Documentation forSecurity Event Manager

Configure user-defined groups in SEM

User-defined groups contain values relevant to your IT environment, such as user and computer names, sensitive file locations, trusted IP addresses, and so on. Like other groups, they contain information that you can use in rules and filters. This topic provides steps to add and edit values in user-defined groups. You can also create rules that auto-populate user-defined groups with values. See Auto-populate user-defined groups using a SEM rule for details.

If Active Directory is available, use directory service groups to add user and computer accounts to rules and filters. A user-defined group cannot be synchronized with Active Directory, but a directory service group can synchronize with Active Directory every five minutes. See Configure directory service groups in SEM for details.

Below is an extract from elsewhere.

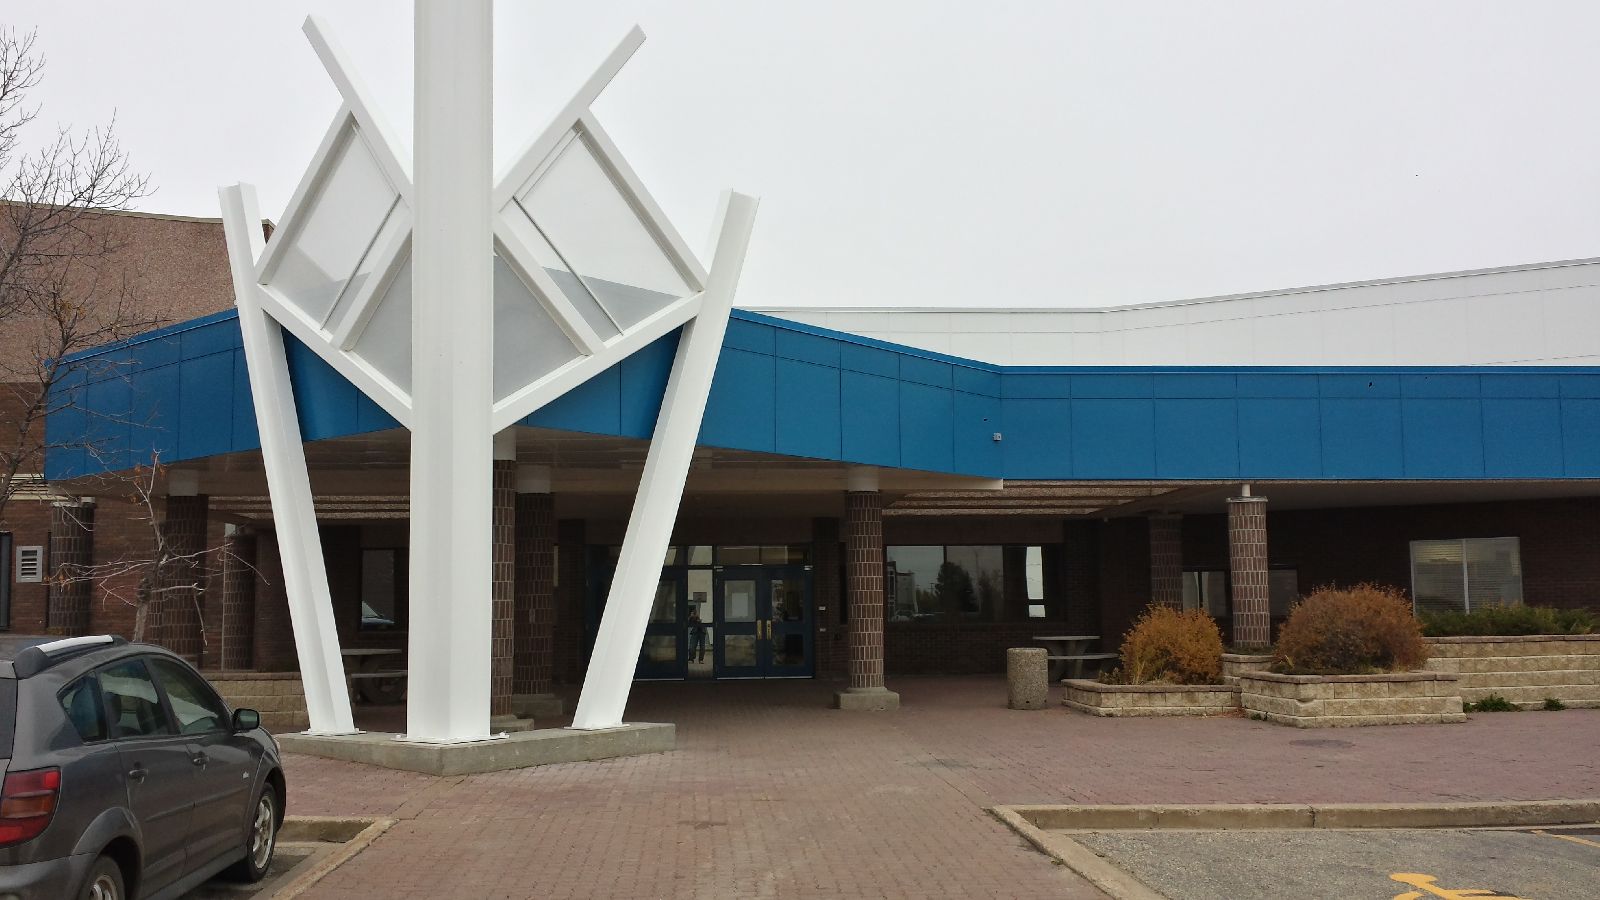 PWA highest ranked high school in Grande Prairie: Fraser Institute

How rules and filters use user-defined groups

Following are a few rules that depend on user-defined groups:

  • A rule that stops SEM from blocking accounts in a user-defined group of trusted administrator accounts.
  • A second rule that sends out an alert when an account in the same user-defined group of trusted admin accounts logs in or makes changes.
  • A rule that checks a user-defined group containing trusted IP addresses to see if it should block a certain IP address.

Rules and filters typically make use of user-defined groups in slightly different ways:

  • In a rule, user-defined groups are typically used like a white list or black list that tell SEM which events it should include or ignore.
  • In a filter, user-defined groups limit the scope of the filter to items that belong to the group.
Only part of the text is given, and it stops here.